3.02.2011

The Court Wields Its First Amendment Cudgel and Misses the Mark


Today the Court decided Snyder v. Phelps, the case about the Westboro Baptist Church's anti-gay picketing of military funerals. Snyder had won a jury verdict on intentional infliction of emotional distress (IIED), a relatively recently created tort that applies to conduct so "outrageous" that it goes beyond the bounds of what society finds acceptable. This was a tough case that pitted a First Amendment right to speak on matters of public concern against a non-public figure's right to privacy. The decision came down 8-1 on the side of the church, and I think their analysis misses the point. Strangely enough, and in a way that may destroy any ACLU cred I have, I find myself agreeing with Justice Alito in dissent, and those are not words I expected to find myself typing.

Basically, here's the problem. IIED is a tort that can be triggered by speech. On that point, no one disagrees. Here's the definition of IIED from the Second Restatement of Torts: conduct which is "so outrageous in character, and so extreme in degree, as to go beyond all possible bounds of decency, and to be regarded as atrocious, and utterly intolerable in a civilized community." The Restatement also notes that "the distress must be 'so severe that no reasonable man could be expected to endure it." Well, the First Amendment has a doctrine called "fighting words," the first prong of which is words "which by their very utterance inflict injury." If an utterance is considered "fighting words," it receives no First Amendment protection--it's not even considered speech. So I join Justice Alito in asking: under what conception of fighting words does any speech so severe as to be considered IIED not fall? Think about it: the jury has already concluded, to the tune of $2.3 million, that the words did inflict injury. They're fighting words by definition.

So if the analysis had started there, as I think it should have, there is a presumption of no protection. But then you can ask whether there should be an exception for fighting words that are matters of public concern, which might be reasonable enough. We consider political speech important enough that even if it hurts or "severely distresses" people, we might make an exception to the exception. However, there's already a case on this point: R.A.V. v. City of St. Paul (1992), which I can't seem to find cited anywhere in this opinion or dissent. R.A.V. concerned a St. Paul ordinance that prohibited racist fighting words. Justice Scalia, for the majority, said that content and viewpoint discrimination even among unprotected fighting words was anathema to the First Amendment. This opinion really shook things up at the time, because it's not obvious - no protection should mean no protection, but even here, content discrimination is not allowed. Applying that rule to this case, the Court would be ignoring R.A.V. to make "matters of public concern" an exception to fighting words doctrine, which they simply can't do.

I can understand how the Court came to the conclusion they did, trying to balance "speech" with "privacy," but by dismissing fighting words in footnote as they did, they turned the analysis on its head.
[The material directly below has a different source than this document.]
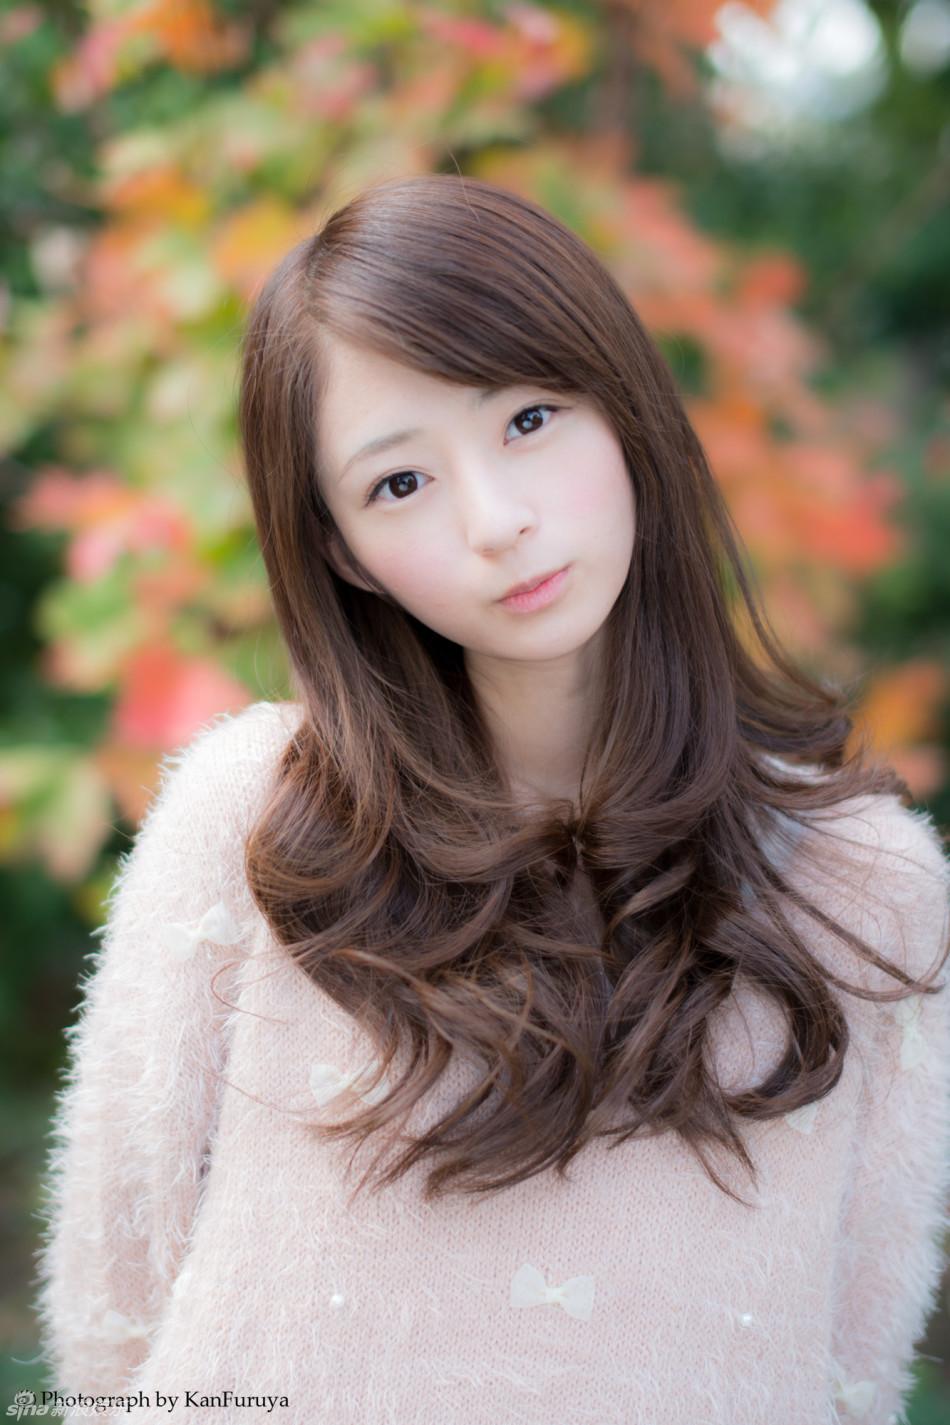 日本双马尾萌妹走红网络 身高154cm清纯可爱

I can also understand the view that these are not fighting words because they are mere hate speech, and the Court doesn't want to go there. (Ask me about that another time.) However, the court doesn't need to go there. We don't get to a balancing test because a jury said a while ago that the church's actions were injurious, and thus they are fighting words by definition. It could have been a very narrow holding on these grounds. Alas, the Court just got it wrong.

Update: I should add that I don't think "I hate that Church, but they should have a voice" is responsive to my argument at all. As Justice Alito points out:
Respondents and other members of their church have strong opinions on certain moral, religious, and political issues, and the First  Amendment ensures that they have almost limitless opportunities to express  their views. They may write and distribute books, articles, and other texts; they may create and disseminate video and audio recordings; they may circulate petitions; they may speak to individuals and groups in public forums and in any private venue that wishes to accommodate them; they may picket  peacefully in countless locations; they may appear on television and speak on the radio; they may post messages on the Internet and send out e-mails. And they may express their views in terms that are “uninhibited,” “vehement,” and “caustic.”

It does not follow, however, that they may intentionally inflict severe emotional injury on private persons at a time of intense  emotional sensitivity by launching vicious verbal attacks that make no contribution to public debate. (citation omitted)
That's the point - it's not suppression of speech - it's suppression of verbal assault only.

Update II: My friend Maia made a point to me that the R.A.V. analogy isn't perfect. In that case, the distinguishing factor was racist language, which the First Amendment doesn't care a whit about, whereas here, "matters of public concern" is at least present in other areas of First Amendment law, namely public employment cases, and is therefore cognizable as a content-based distinction.

Still though, that leaves the question of why it should apply to IIED. The Court never addresses this question, choosing instead just to drop it in. If you're yelling bad things about the government to a government employee, violently enough to trigger an IIED verdict (remember, it's a high bar), that's really protected? There'd better be a good reason that your right to speak generally isn't enough, or we're going to end up calling into question all of harassment law.